Here's a first review (just having a quick look):

I haven't reviewed the remaining patches, since I don't understand what problem you're trying to solve.

Dando-Real-ITA commented 8 months ago

Ok I will on Monday

The context is: 2 edge routers connected to 2 ISPs, using the provider public IPs, and redistributing the default route. Clients have IPs from both providers ( 2 IPv4 and 2 IPv6 ).

Goal is to keep connectivity even in case one ISP connection fails

Problem 1: Default routes for each ISP need to be used with the correct source ip. This is the problem described in the source specific prefix document, with 2 caveats:

Problem 2: Edge routers should be able to retract default routes if they detect the upstream connection is failing. Simply deleting the default route did not work, and also is not ideal for the edge router that needs to check when connectivity is back

I am not sure it is the best way, but this is how I made work the use case I was modeling:

Solution 1a: Distribute the default route normally from the edge routers, then let the clients install with the correct source ip. To differentiate the default routes received, id was added to install filter.

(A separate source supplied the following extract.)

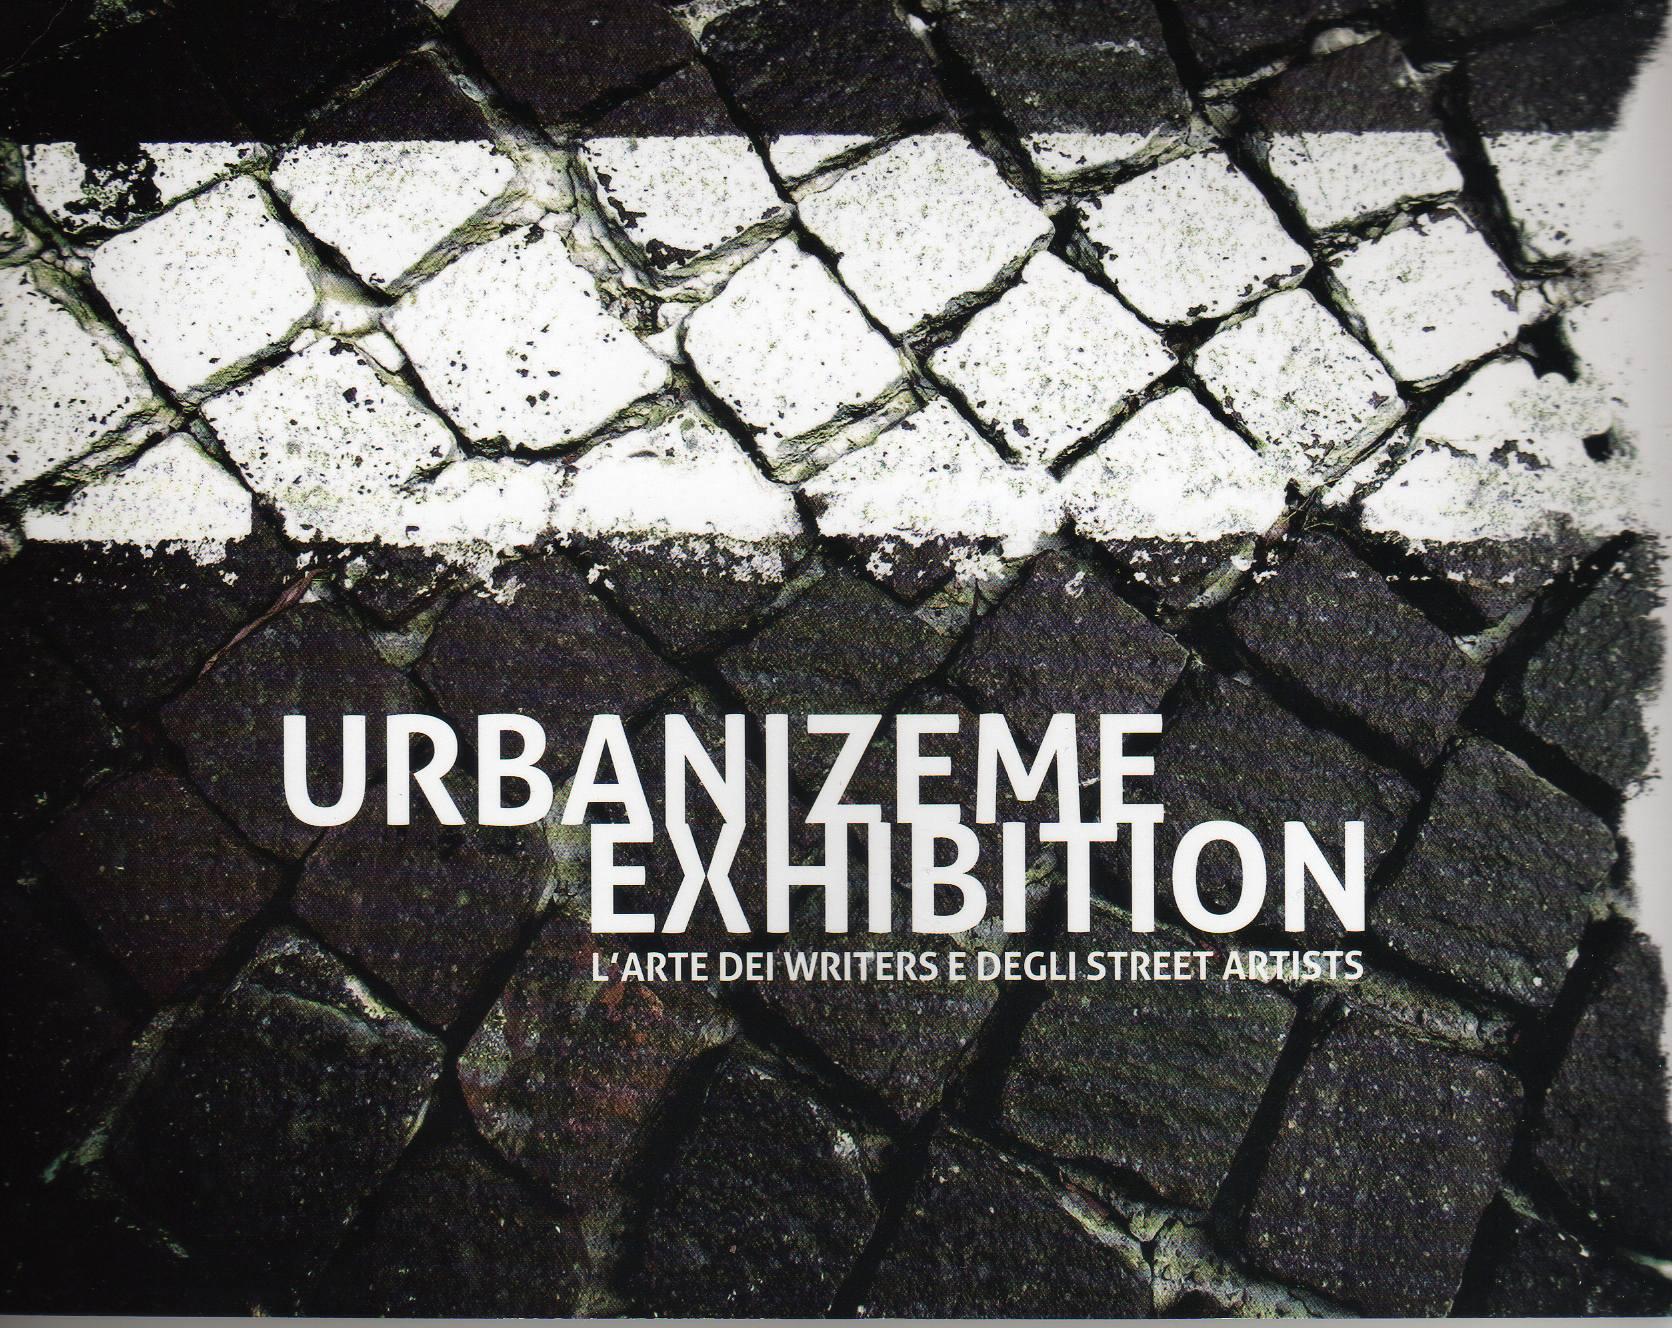 Urbanizeme Exhibition

Solution 1b: When a default route was updated from isp1 to isp2, the src field of the route was not updated. I identified that always the original ‘pref_src’ field was used, so I added ‘newpref_src’ to support pref_src switch

Solution 2a: Enable metric change of live redistribution filters. This way, a route can be retracted or allowed without touching the kernel route.

Solution 2b: Enable a special trigger of kernel_dump. Normally, if a redistribute filter has metric deny, the route is just ignored and no further action is performed. But with a manual retraction, it was necessary to not skip normal processing and allow babeld to notify the route change. Thus a new flag has been created for check_xroutes which is only set for the special case of manual issuing the command, annd it allows infinity redistribute metric to be processed instead of being silently ignored.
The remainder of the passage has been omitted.